Geraint Thomas (Ineos Grenadiers) was briefly distanced on stage 7 of the Tour de France as the yellow jersey group nudged its way up the second-category ascent of the Signal d'Uchon. But despite losing contact just before the summit, the Welshman and 2018 Tour de France winner was able to come back and finish with his main rivals.
Stage 7 of the race was won by Matej Mohorič (Bahrain Victorious). Thomas currently sits 13th overall, 5:29 behind race leader Mathieu van der Poel (Alpecin-Fenix).
The sight of Thomas losing ground on a climb before the race has even reached the Alps will hardly fill his team with confidence but the 35-year-old at least remains in contention for the overall standings, unlike Primož Roglič (Jumbo-Visma) who conceded almost 10 minutes and has seen his hope of winning the race brought to an end.
Thomas crashed on stage 3 of the race and suffered a dislocated shoulder in the fall. It looked as though his race was over at that point but he received medical treatment on the side of the road and made it through. His time trial on stage 5 was dogged if not successful, but he remains in pain and trying to recover whilst riding what has been a relentless Grand Tour.
“We hoped that UAE [Team Emirates] would have to ride all day, which they did. Van Aert was in a great position up there and it's not every day that you see the yellow jersey in the break,” Thomas said as he described what had been a fast start to stage 7.
“It was a tough day and then obviously with the last 80 kilometres with the smaller roads, up and down, it was just racing from behind for position with some tough climbs at the end.”
While Thomas’ teammate Richard Carapaz was able to put in two significant digs on the final climb, the Welshman was forced to ride at his own pace. He lost contact with the GC riders just as the summit of the climb approached, but was able to regain his place within the group well before the finish.
When asked if he thought his struggle was the effects of his stage 3 crash, Thomas confirmed, “It was quite a big crash. It's easy to talk myself into it, 'I'm OK, blah blah blah' - it takes a lot out of you, as you can see with Roglič as well.
"I didn't want to go full, 100 per cent. I was still in contact with 200 metres to go. I just tried to pace it. It was OK in the end. I'm suffering but hopefully I'll start to feel better soon. Maybe not in the next two days. For sure I'll try to stay there or thereabouts. Obviously Billy [Carapaz] is in a good position and we'll try to use that as best we can."

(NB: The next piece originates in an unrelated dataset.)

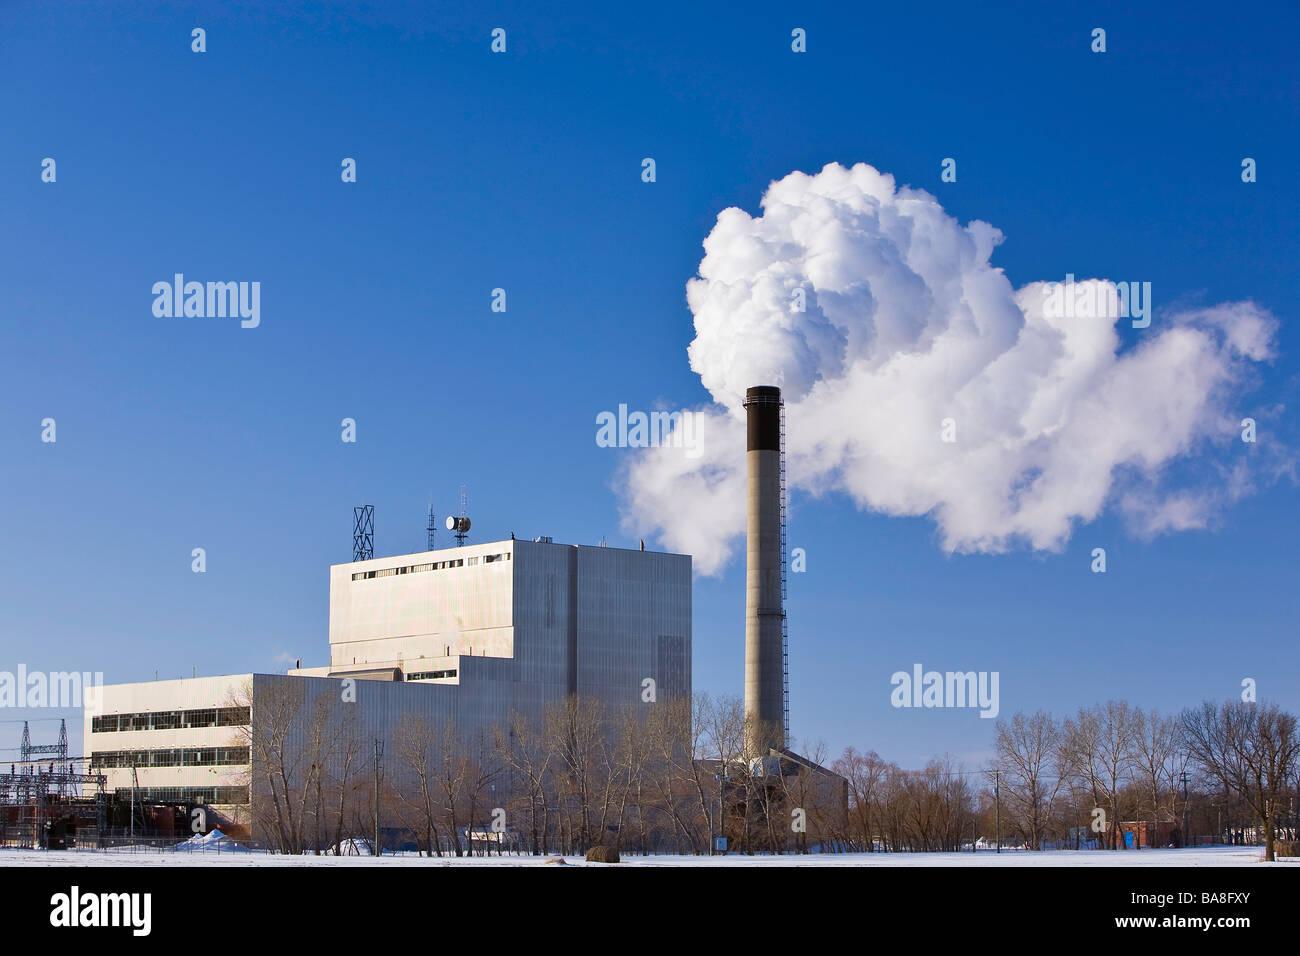 Schornstein Emissionen aus eine Wärmeleistung von Erdgas Kraftwerk, Selkirk, Manitoba, Kanada. Stockbild

Thomas stressed that he wasn’t looking for excuses at this point and that his recovery from the hard fall on stage 3 just needed time.
“It was a big old crash and it was similar to the Giro one when I dislocated my shoulder the first time. I did a good time trial the next day but then lost time the next day. At least this is better than that. I was suffering and it takes a lot out of me, too. The last two sprint days weren’t easy. I just tried to pace it today. I only lost contact with about 200m. There’s still a long way to go. I don’t want it to sound like I’m just making excuses and that, it was just a heavy crash."